-- DATASET CONTENT --
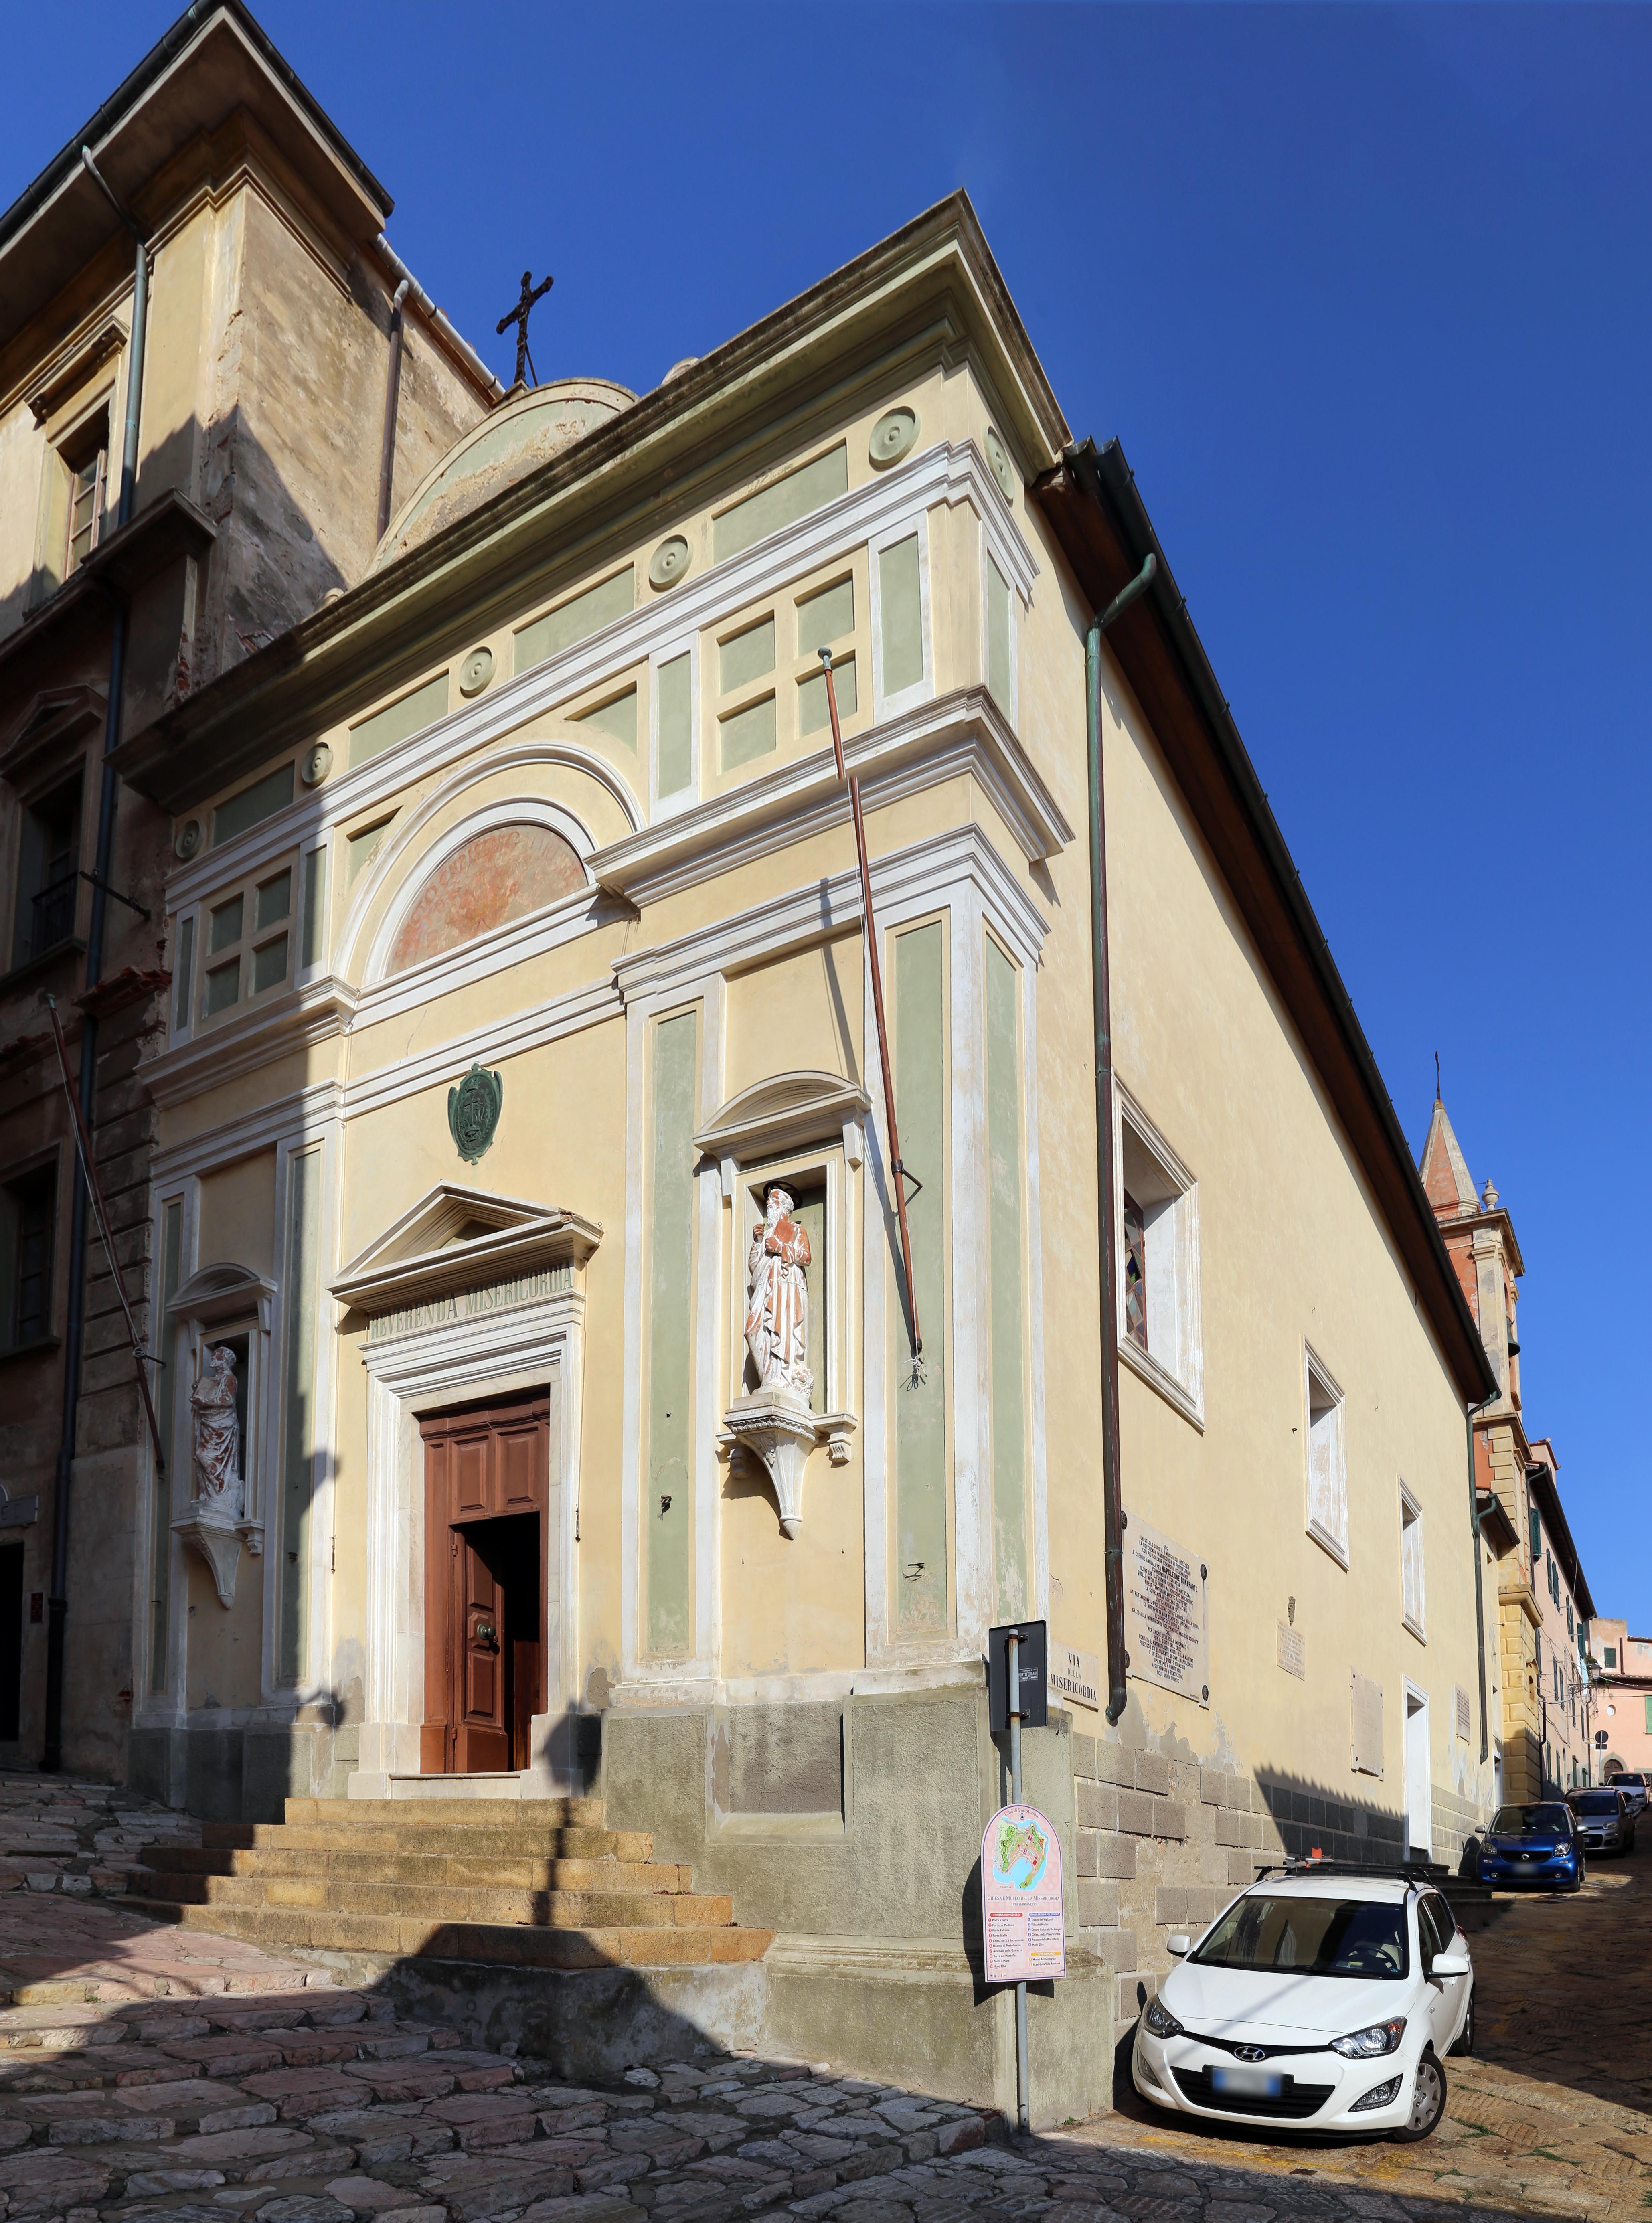 File:Portoferraio, chiesa della misericordia (san cristino), esterno 01.jpg - Wikimedia Commons
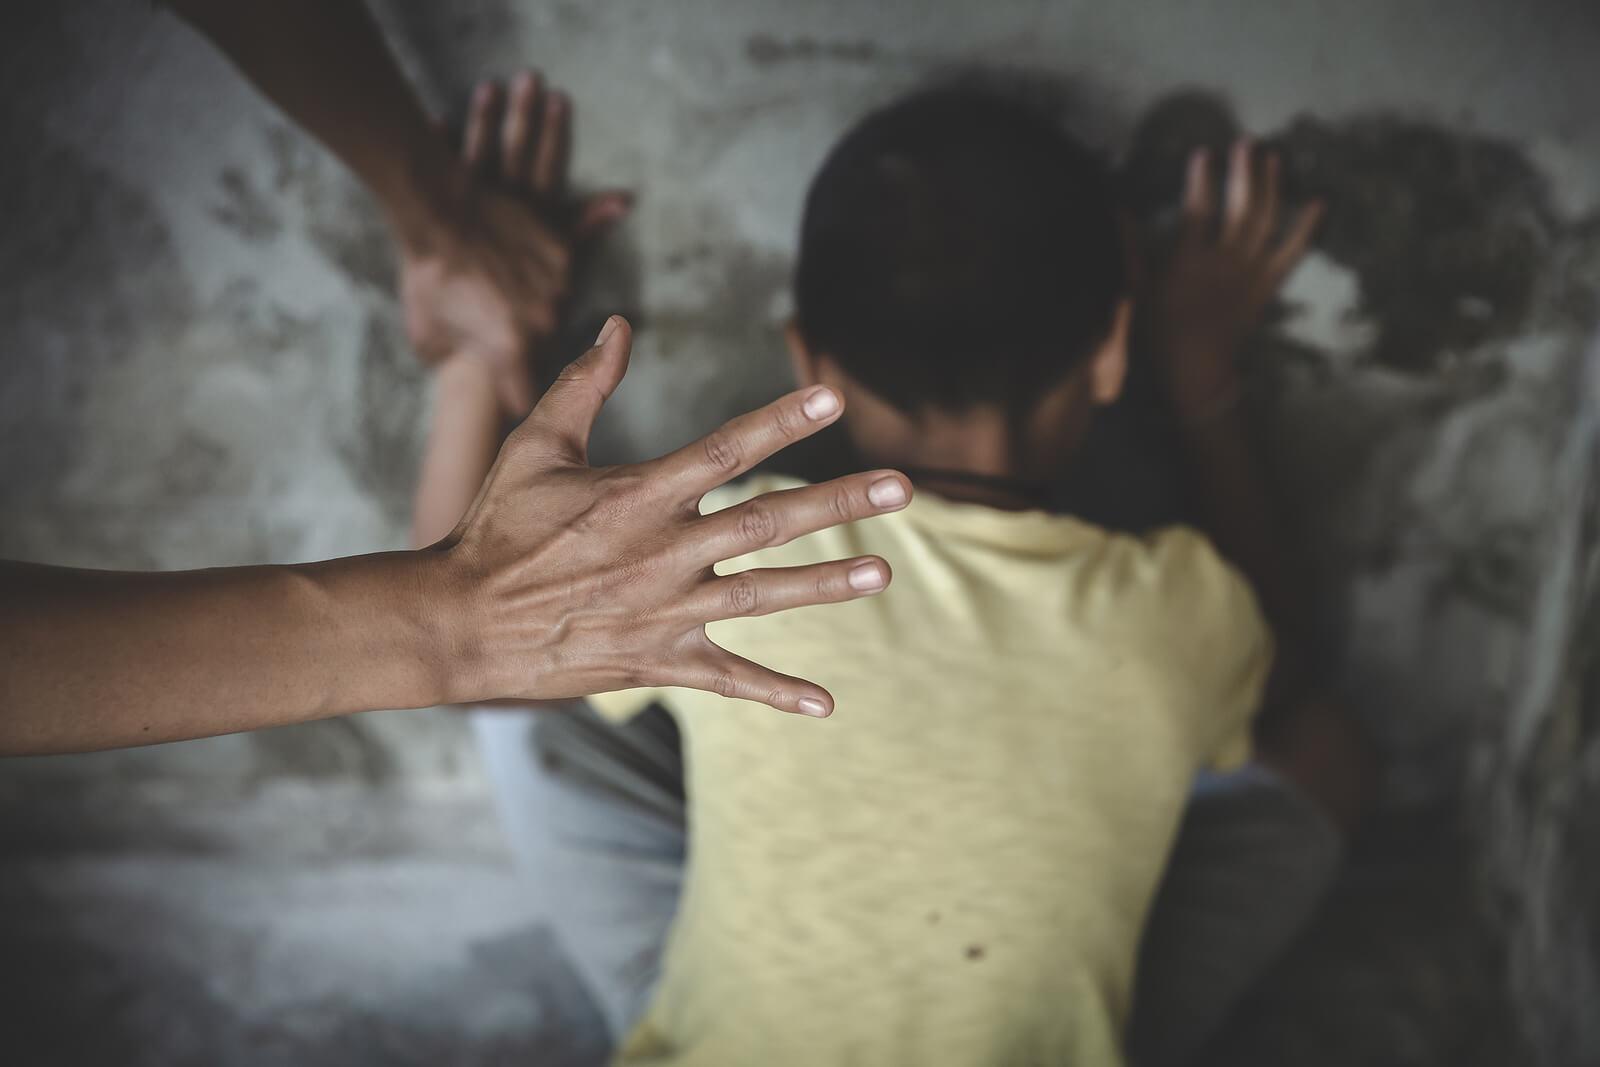 Niño sufriendo maltrato infantil.
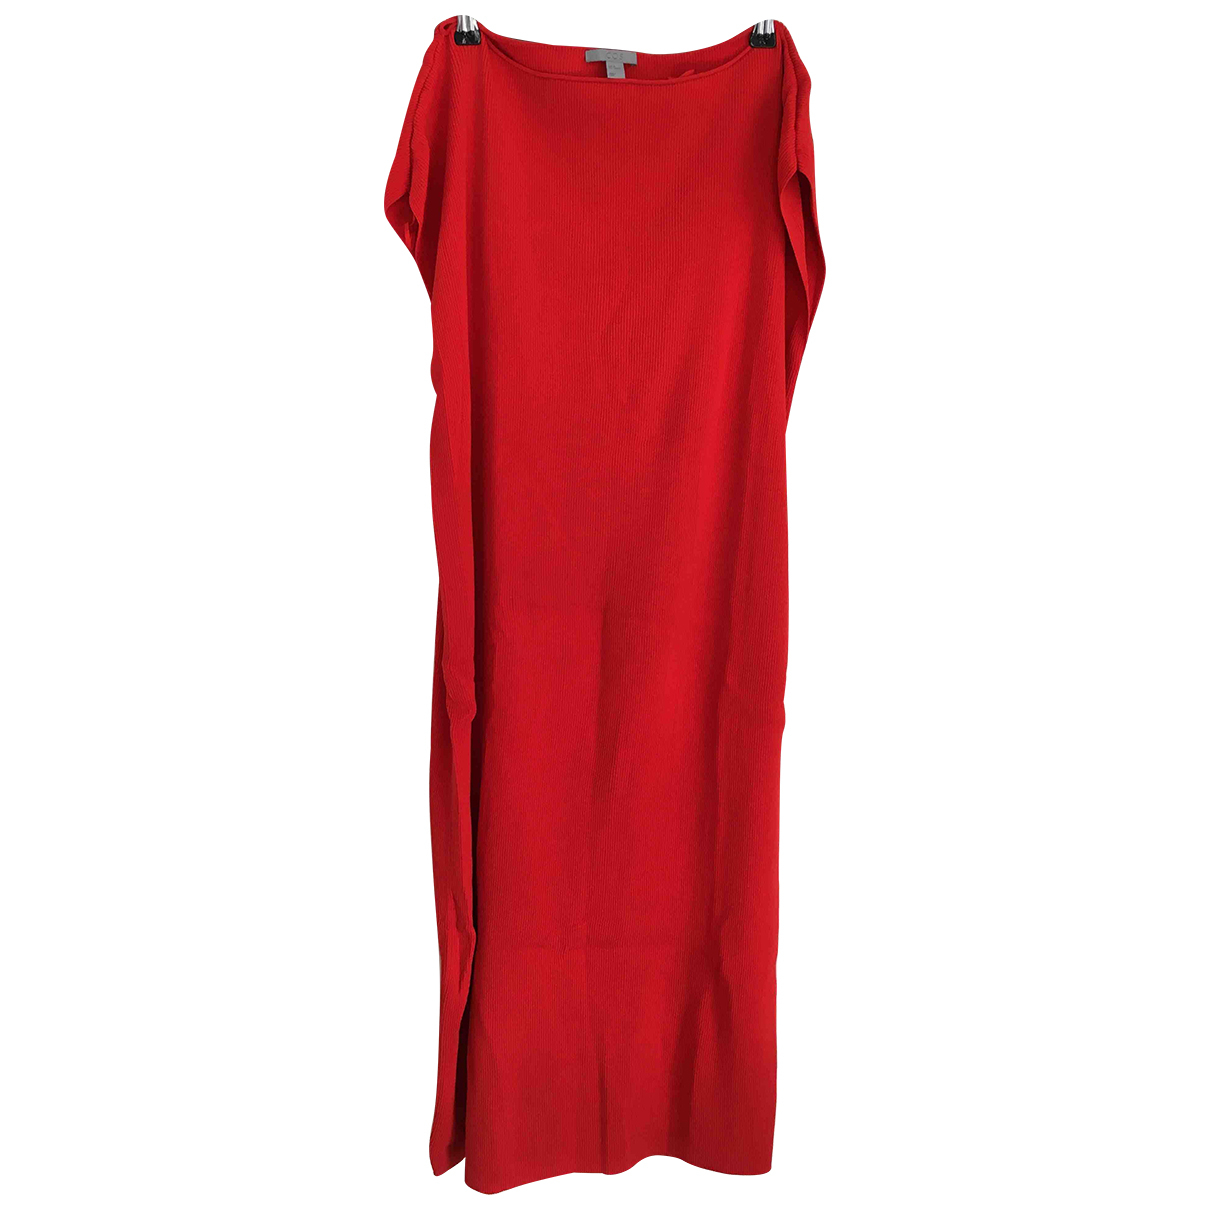 Cos \N Kleid in  Rot Baumwolle

-- WORK TO BE COMPLETED --
Write out exactly, with no pictures, each line from the one containing "Niño sufriendo maltrato infantil." through the last line of the listing above, both included.

-- ANSWER BOX --
 Niño sufriendo maltrato infantil.
 Cos \N Kleid in  Rot Baumwolle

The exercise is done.